What is expected:
Show all lines from the material that carry the word "Print".

Supplied entries:
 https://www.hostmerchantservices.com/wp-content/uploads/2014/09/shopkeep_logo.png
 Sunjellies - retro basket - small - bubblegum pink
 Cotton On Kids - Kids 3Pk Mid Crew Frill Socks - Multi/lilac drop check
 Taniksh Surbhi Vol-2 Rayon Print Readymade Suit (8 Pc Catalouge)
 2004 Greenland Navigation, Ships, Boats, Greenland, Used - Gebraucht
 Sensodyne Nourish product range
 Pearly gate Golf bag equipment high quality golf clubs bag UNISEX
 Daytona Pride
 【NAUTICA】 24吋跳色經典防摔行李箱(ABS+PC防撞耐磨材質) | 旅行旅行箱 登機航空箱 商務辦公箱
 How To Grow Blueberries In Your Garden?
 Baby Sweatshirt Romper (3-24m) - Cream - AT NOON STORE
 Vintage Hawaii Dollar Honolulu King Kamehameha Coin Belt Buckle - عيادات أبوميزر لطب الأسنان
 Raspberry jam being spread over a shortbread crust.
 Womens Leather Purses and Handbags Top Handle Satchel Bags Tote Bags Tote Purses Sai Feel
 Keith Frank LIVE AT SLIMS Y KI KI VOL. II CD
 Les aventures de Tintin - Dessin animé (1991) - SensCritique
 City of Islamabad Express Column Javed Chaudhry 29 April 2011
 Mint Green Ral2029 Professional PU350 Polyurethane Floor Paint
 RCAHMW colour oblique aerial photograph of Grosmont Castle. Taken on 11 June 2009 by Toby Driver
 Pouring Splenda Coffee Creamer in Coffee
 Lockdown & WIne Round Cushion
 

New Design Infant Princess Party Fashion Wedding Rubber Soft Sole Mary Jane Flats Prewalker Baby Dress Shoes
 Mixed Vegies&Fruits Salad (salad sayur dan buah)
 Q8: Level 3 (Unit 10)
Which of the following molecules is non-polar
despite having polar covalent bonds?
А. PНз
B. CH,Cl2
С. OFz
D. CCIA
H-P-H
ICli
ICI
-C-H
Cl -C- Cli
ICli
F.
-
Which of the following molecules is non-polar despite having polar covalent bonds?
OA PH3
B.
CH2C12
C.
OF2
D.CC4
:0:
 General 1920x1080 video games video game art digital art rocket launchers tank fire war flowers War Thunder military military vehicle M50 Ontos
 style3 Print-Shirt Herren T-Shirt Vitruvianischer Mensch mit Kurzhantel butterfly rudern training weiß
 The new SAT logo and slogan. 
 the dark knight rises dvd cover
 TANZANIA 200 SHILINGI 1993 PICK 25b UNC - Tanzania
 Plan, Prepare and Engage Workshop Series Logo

Answer to this task:
 Taniksh Surbhi Vol-2 Rayon Print Readymade Suit (8 Pc Catalouge)
 style3 Print-Shirt Herren T-Shirt Vitruvianischer Mensch mit Kurzhantel butterfly rudern training weiß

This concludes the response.